- **Assignment**
In the listing below, find the line with "Philips DVP3580/12" and the line with "2020 orecchini di". Repeat those two lines and all lines between them exactly.

====

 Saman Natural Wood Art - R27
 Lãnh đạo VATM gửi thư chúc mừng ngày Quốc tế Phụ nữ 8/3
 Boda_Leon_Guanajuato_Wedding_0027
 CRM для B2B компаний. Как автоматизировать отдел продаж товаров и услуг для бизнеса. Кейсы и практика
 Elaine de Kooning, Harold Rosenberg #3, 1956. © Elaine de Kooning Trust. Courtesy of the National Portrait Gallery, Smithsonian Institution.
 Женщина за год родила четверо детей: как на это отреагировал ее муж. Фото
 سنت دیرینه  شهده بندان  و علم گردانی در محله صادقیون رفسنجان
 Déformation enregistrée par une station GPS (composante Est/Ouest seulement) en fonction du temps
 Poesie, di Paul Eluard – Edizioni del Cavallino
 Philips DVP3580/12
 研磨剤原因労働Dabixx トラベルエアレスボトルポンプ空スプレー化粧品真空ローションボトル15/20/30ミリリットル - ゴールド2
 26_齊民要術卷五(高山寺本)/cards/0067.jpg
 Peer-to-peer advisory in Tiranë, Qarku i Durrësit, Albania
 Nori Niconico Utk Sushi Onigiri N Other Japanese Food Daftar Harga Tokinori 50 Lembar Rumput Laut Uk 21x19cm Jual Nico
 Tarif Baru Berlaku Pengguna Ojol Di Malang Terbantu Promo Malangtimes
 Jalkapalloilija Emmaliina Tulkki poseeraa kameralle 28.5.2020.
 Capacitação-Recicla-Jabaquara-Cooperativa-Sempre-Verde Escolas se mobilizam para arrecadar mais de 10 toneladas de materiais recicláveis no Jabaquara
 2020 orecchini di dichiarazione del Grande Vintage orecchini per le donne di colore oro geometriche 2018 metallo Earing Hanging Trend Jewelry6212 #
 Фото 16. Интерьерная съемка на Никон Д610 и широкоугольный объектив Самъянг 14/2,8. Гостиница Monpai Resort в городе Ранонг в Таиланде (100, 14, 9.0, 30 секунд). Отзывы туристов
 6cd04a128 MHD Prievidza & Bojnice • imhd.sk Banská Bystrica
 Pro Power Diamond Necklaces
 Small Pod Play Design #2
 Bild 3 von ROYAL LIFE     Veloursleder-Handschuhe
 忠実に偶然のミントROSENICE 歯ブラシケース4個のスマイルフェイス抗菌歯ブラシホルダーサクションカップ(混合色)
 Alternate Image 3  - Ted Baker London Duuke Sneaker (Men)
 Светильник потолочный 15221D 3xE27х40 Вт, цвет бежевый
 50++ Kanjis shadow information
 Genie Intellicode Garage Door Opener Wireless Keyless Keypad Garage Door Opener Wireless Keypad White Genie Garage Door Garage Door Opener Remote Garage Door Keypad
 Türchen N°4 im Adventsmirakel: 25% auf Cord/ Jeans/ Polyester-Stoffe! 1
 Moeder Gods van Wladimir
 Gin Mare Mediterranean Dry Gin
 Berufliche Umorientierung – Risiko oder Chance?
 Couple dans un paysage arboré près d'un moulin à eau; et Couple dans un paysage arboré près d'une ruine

====

- **Answer below**
 Philips DVP3580/12
 研磨剤原因労働Dabixx トラベルエアレスボトルポンプ空スプレー化粧品真空ローションボトル15/20/30ミリリットル - ゴールド2
 26_齊民要術卷五(高山寺本)/cards/0067.jpg
 Peer-to-peer advisory in Tiranë, Qarku i Durrësit, Albania
 Nori Niconico Utk Sushi Onigiri N Other Japanese Food Daftar Harga Tokinori 50 Lembar Rumput Laut Uk 21x19cm Jual Nico
 Tarif Baru Berlaku Pengguna Ojol Di Malang Terbantu Promo Malangtimes
 Jalkapalloilija Emmaliina Tulkki poseeraa kameralle 28.5.2020.
 Capacitação-Recicla-Jabaquara-Cooperativa-Sempre-Verde Escolas se mobilizam para arrecadar mais de 10 toneladas de materiais recicláveis no Jabaquara
 2020 orecchini di dichiarazione del Grande Vintage orecchini per le donne di colore oro geometriche 2018 metallo Earing Hanging Trend Jewelry6212 #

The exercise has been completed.